Sunday, 12 December 2010

Movie Review: Matchstick Men (2003)


A startling departure from director Ridley Scott, who is usually more interested in technology and action than psychology and drama, Matchstick Men benefits from a neurotic Nicolas Cage performance, but not much else sets the movie apart.

Roy (Cage) is a master con-man with issues: under stress he stutters, suffers almost uncontrollable facial ticks, is a carpet cleanliness freak, and has paranoid habits.  Roy's wife left him while she was possibly pregnant with a child that Roy never got to meet.  But along with his partner Frank (Sam Rockwell), he manages a comfortable living pulling off relatively small-time cons selling useless junk to seniors and emptying their bank accounts.

Frank suggests that Roy visit psychiatrist Dr.
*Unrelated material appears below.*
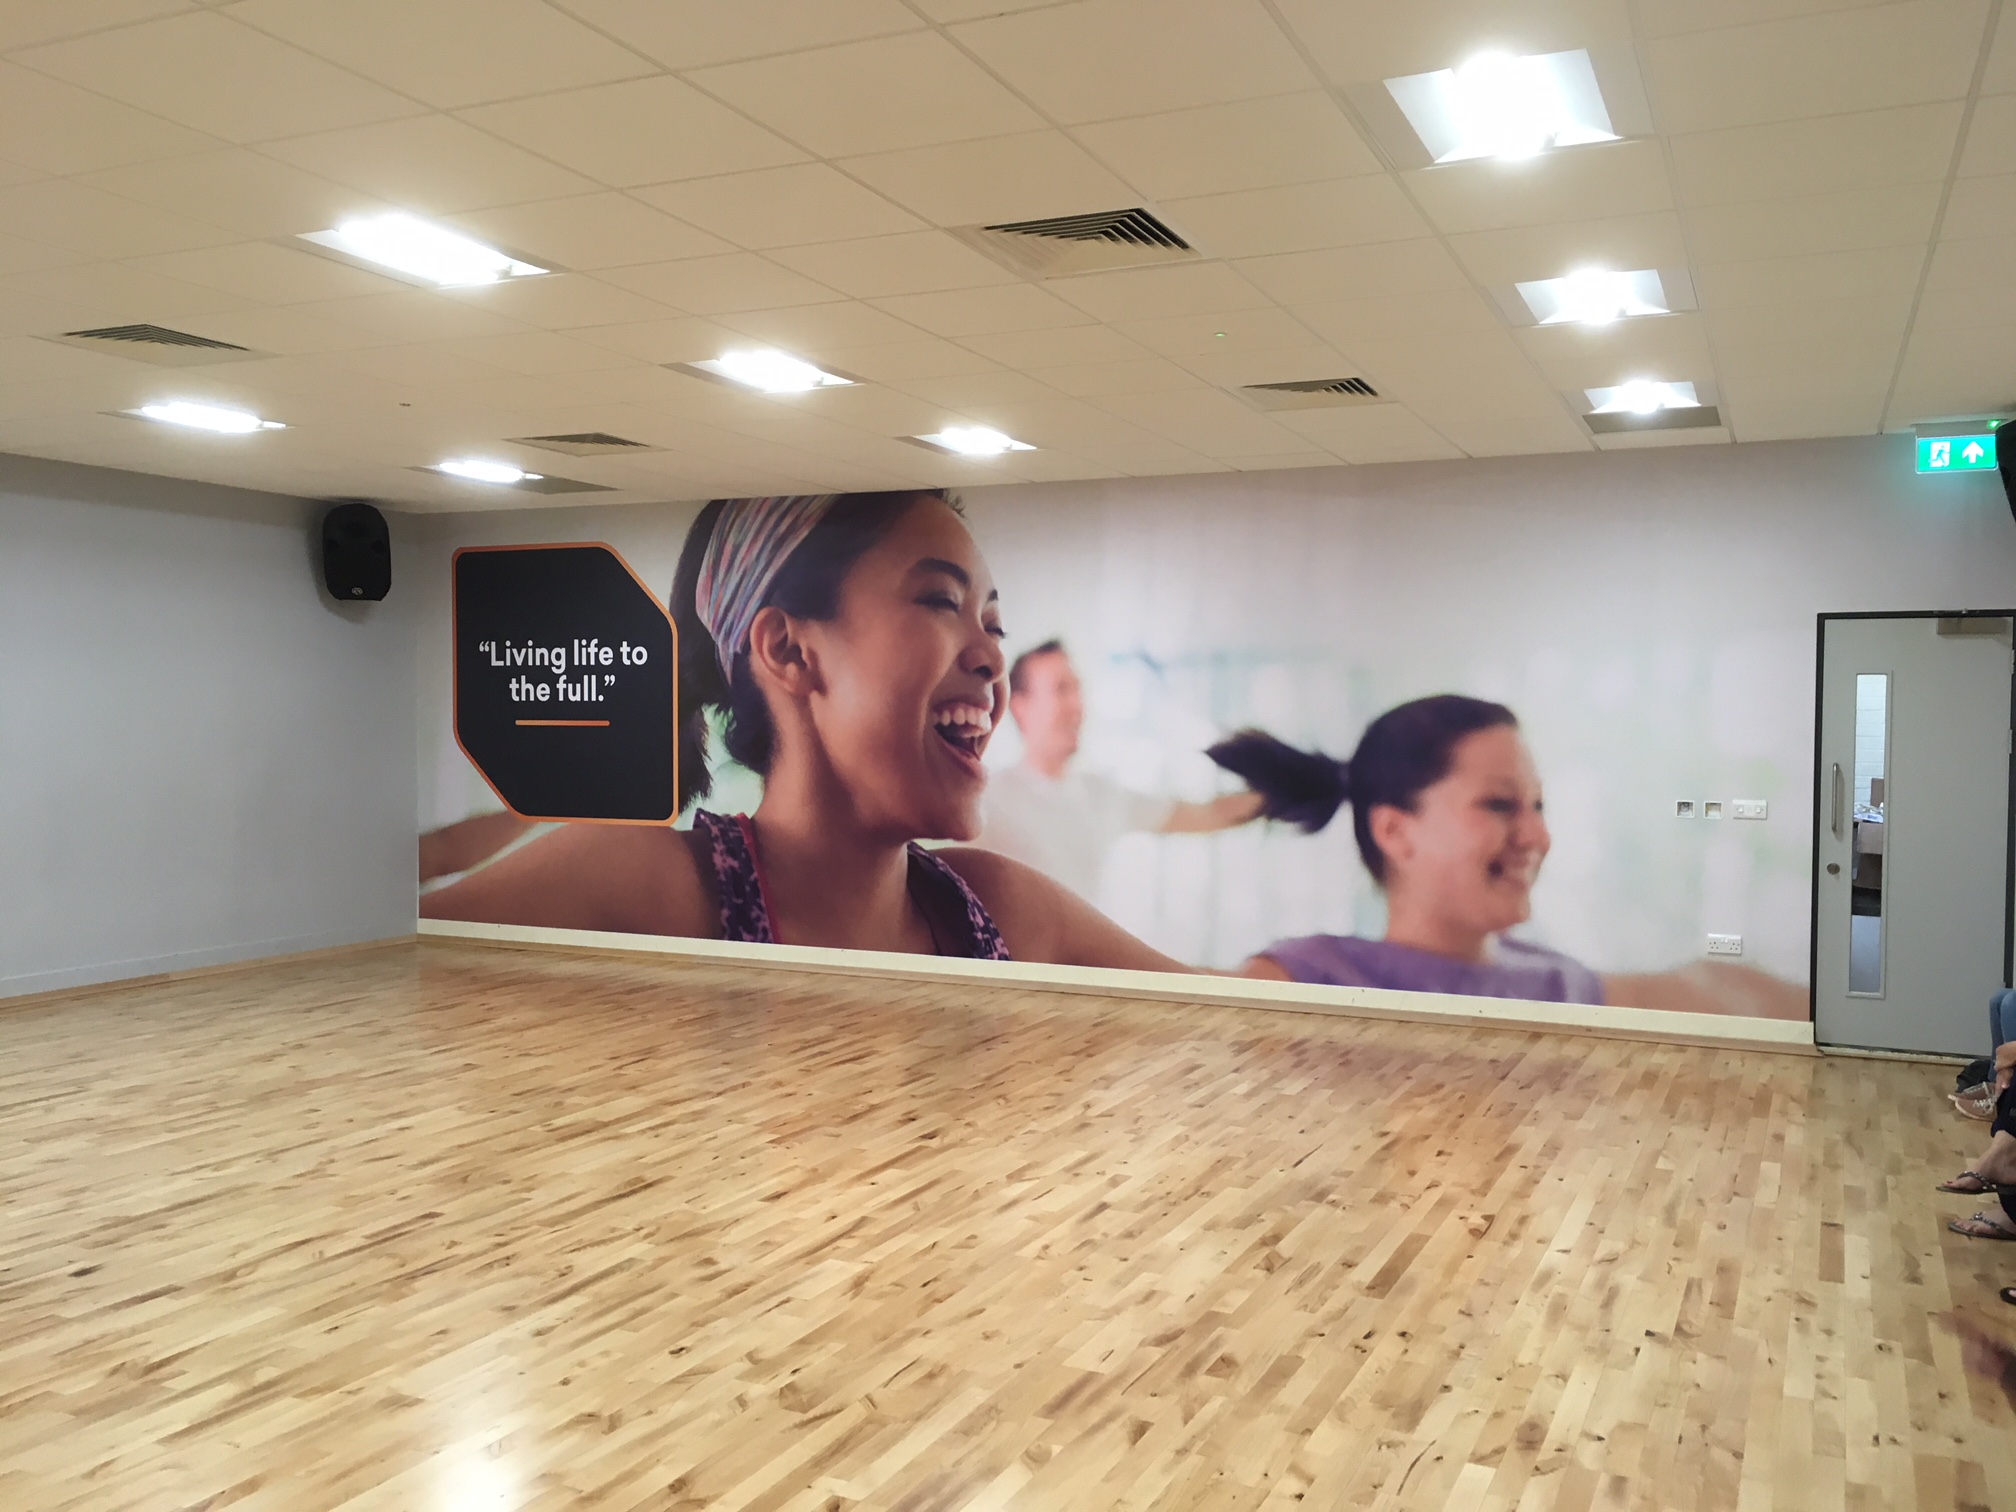 Studio at Epping Sports Centre Epping Sports Centre Epping 01992 565670

Klein (Bruce Altman) for treatment.  Klein helps Roy with his medications and also helps him find and for the first time connect with his now teenage daughter Angela (Alison Lohman).  Soon Angela has moved into her father's house and is enthusiastically drawn into his life of crime.  When Frank and Roy go after a big score to con a businessman out of a large sum, Angela's involvement complicates matters to dangerous levels until Roy finds himself staring at the biggest con of all.
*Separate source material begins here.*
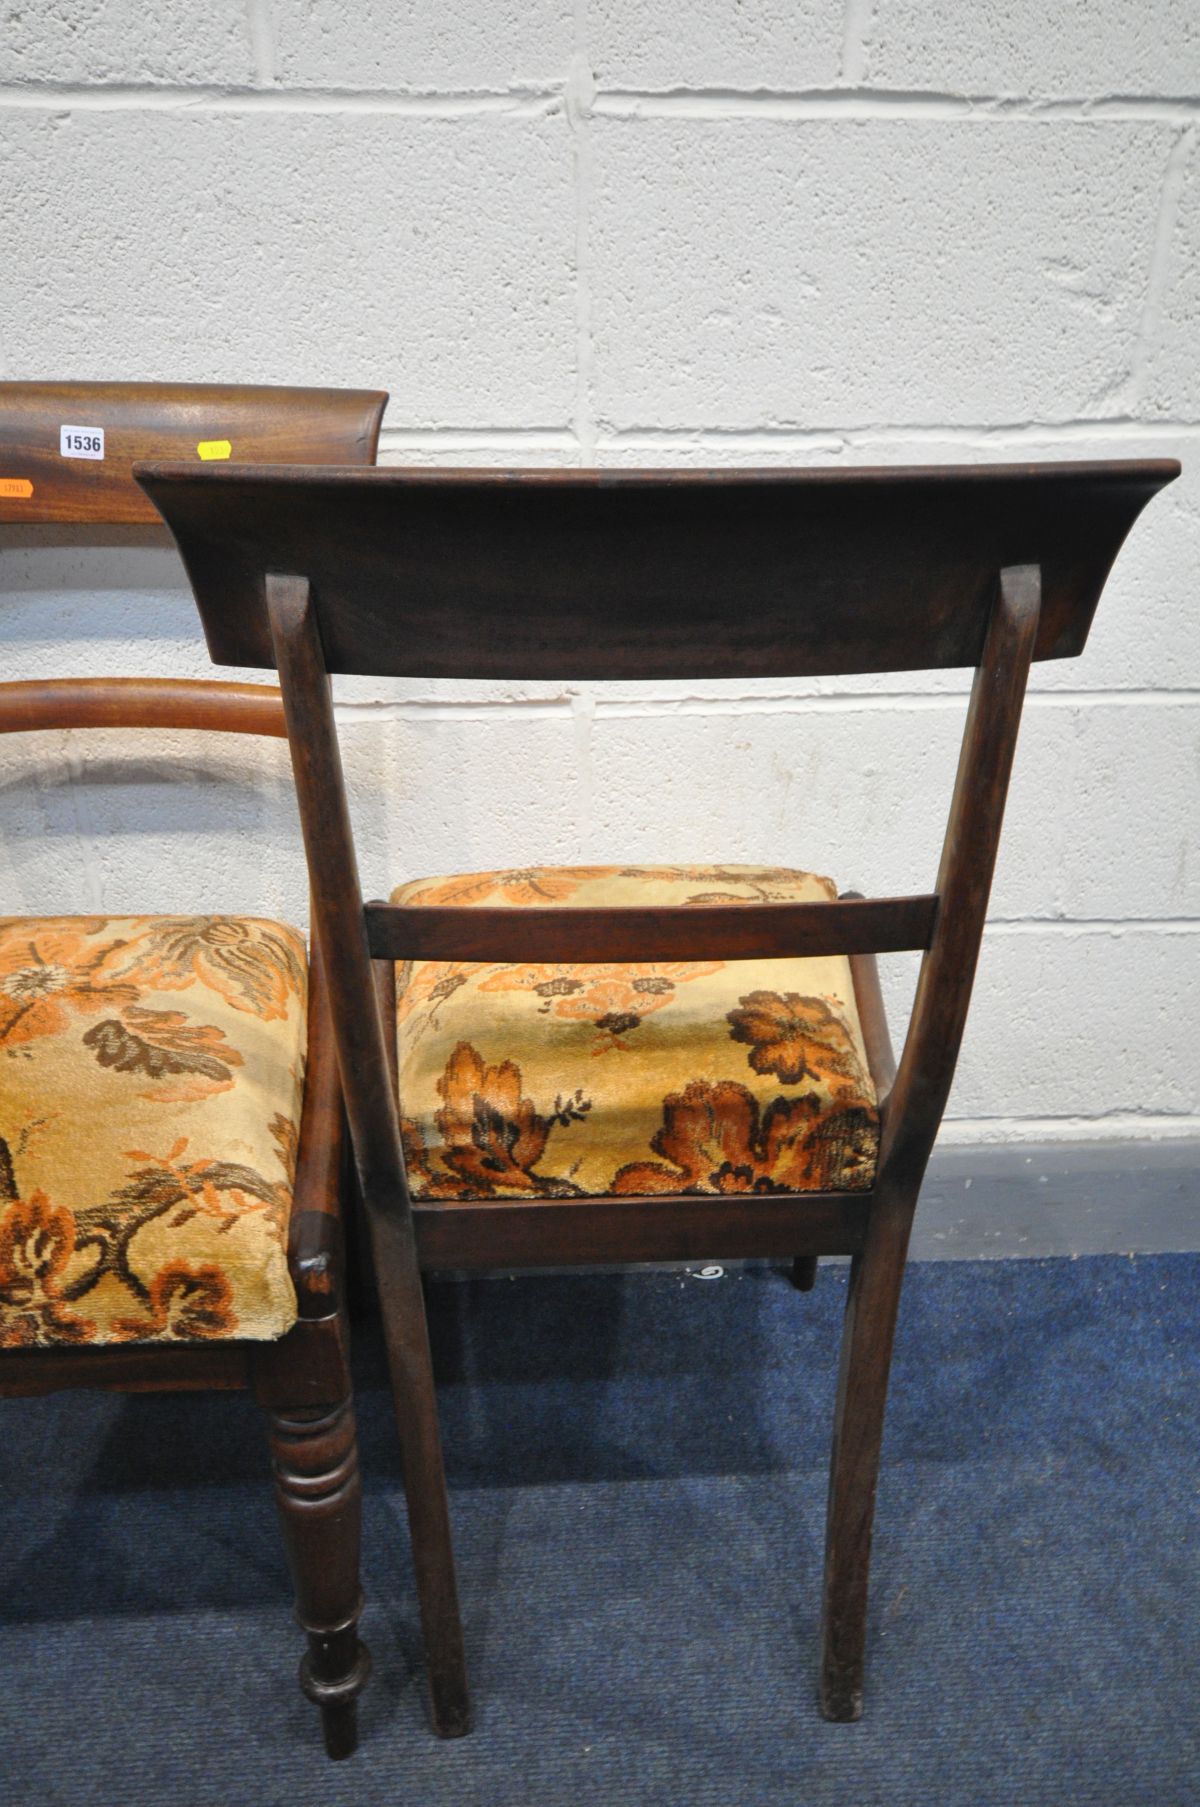 A PAIR OF REGENCY MAHOGANY BAR BACK CHAIRS, with floral upholstered seat pads, turned front legs ( - Image 3 of 4

Matchstick Men is primarily a character study, and Cage is quickly able to make Roy a sympathetic character despite his long list of faults and weaknesses.  The physical signs of stress and paranoia are almost over-played, but since Roy exclusively occupies the centre of the movie, Cage gets away with it.  He is surrounded by a bland performance from Rockwell, and a predictable one from Lohman.  Other than Cage there is not much drama or tension being generated, but he single-handedly provides enough energy to push the film forward.

As a con movie, Matchstick Men does not try to reach for the duplicity levels of The Sting or House Of Games, and Roy's psychological issues intuitively limit his abilities to pull off a big score, and make him susceptible to the tricks of others.  Scott does the right thing to focus on the people rather than the games; it's just that there is only one interesting man among the Matchstick Men.